Мы поселились в маленькой деревушке, если такое можно назвать деревушкой. Называлось это — Чогонлы. Это было поселение пустынных туркмен, состоявшее на 10–12 глинобитных домиков с микроскопическими оконцами величиной в книгу среднего формата и дверью, в которую надо было проходить согнувшись. Летом туркмены переселяются в кибитки, а глинобитные домики были сданы нашей экспедиции.
Директор группы В. П. Чайка — чрезвычайно энергичный человек — построил фанерную столовую, погреб для хранения продуктов и даже подземную лабораторию с двойными стенками, между которыми должен был набиваться лед. Лед и питьевая вода ежедневно привозились из Ашхабада. Ближайшее дерево росло в 15 километрах от Чогонлов. В Чогонлах были туркменки, которые никогда не видели дерева. Они делали ковры с узором, который называется «салорская роза», но никогда не видели живой розы.
Наша декорация находилась в полутора километрах от этого селения. С первых же дней нам пришлось очень тяжело. Сразу установилась невыносимая жара. Термометр, который мы однажды поставили в кассету аппарата, накрытого специальным чехлом и стоящего под зонтом, показал 71°. Актеры лежали на раскаленном песке, и кроме солнца их палили подсветы и зеркала. Мелкий песок забивался решительно во все — в пищу, в мельчайшие щелки, в часы. Все часы в экспедиции остановились. Мы вынуждены были сделать себе солнечные часы.
Когда человек заболевал, ему нельзя было измерить температуру, потому что термометр показывал все, что мог, — 42° даже ночью.

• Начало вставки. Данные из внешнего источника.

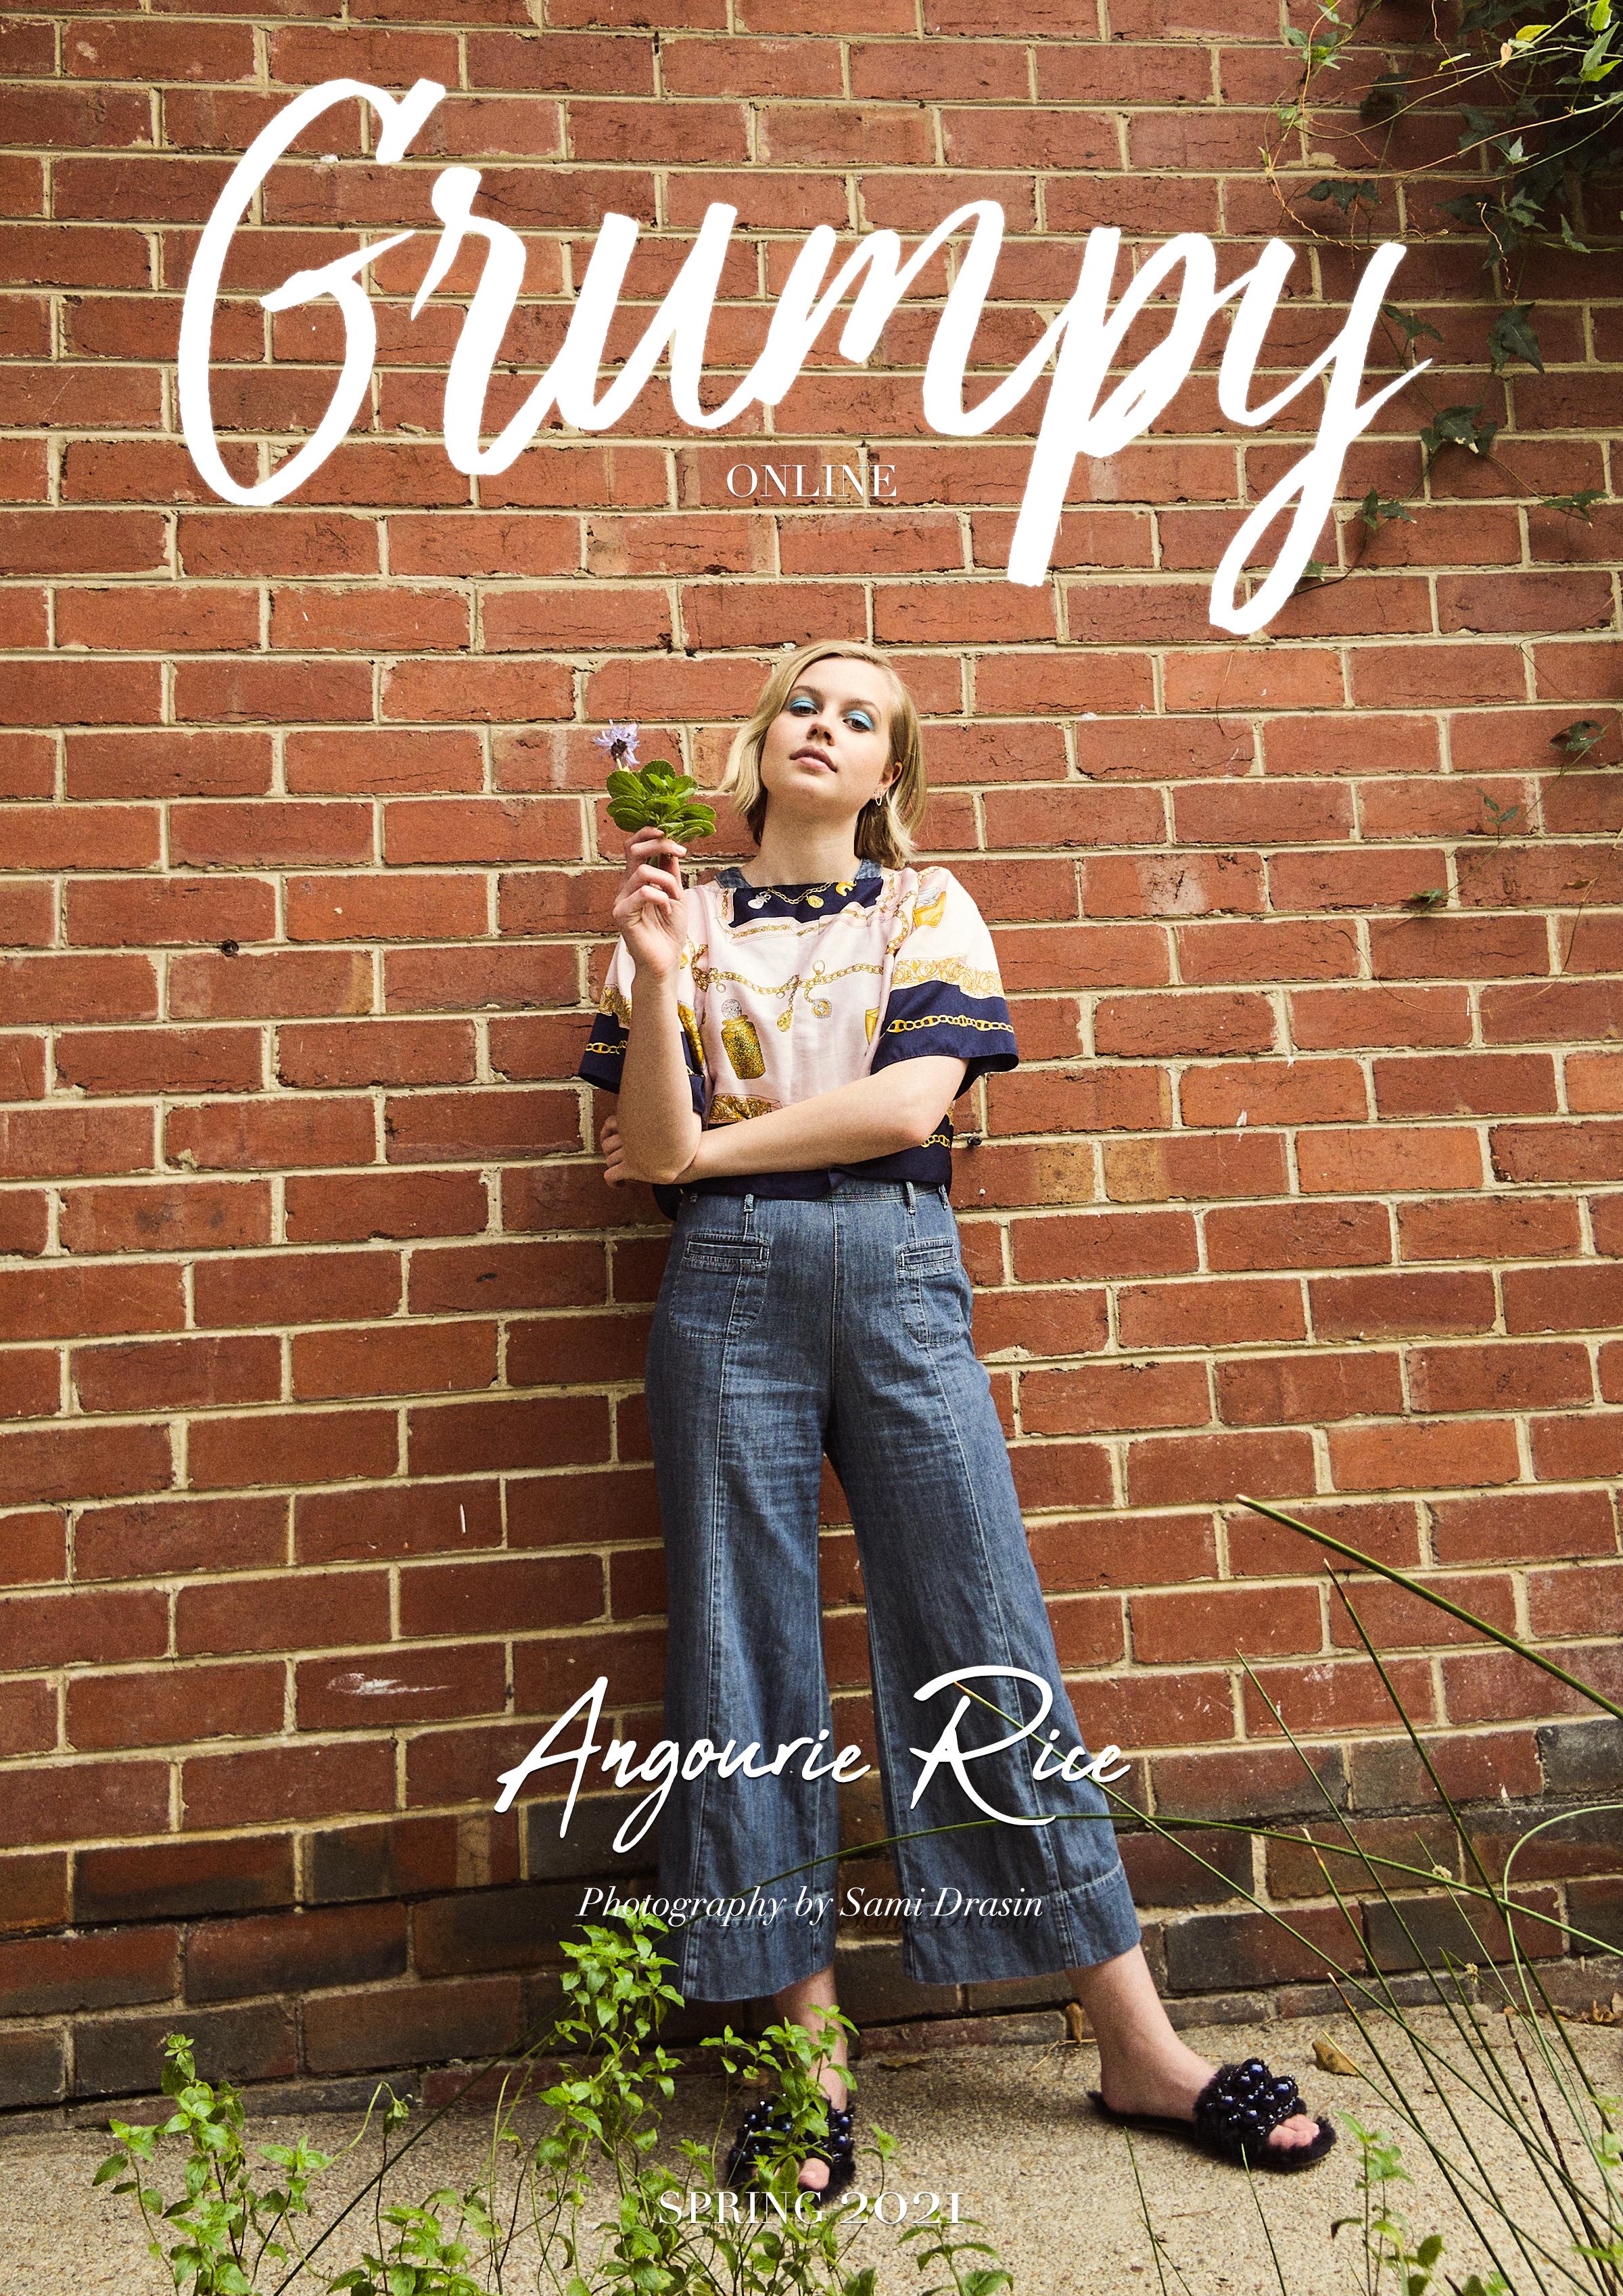 AG-COVER GRUMPY

Нам приходилось окунать термометр в одеколон, встряхивать и быстро ставить под мышку, прикрыв человека подушкой, чтобы изолировать его от жары. Впрочем, все равно у всех постоянно была повышена температура. Все были больны дизентерией. Мы настолько привыкли к дизентерии, что, по существу, не считали ее болезнью. Это было нормальное состояние человека.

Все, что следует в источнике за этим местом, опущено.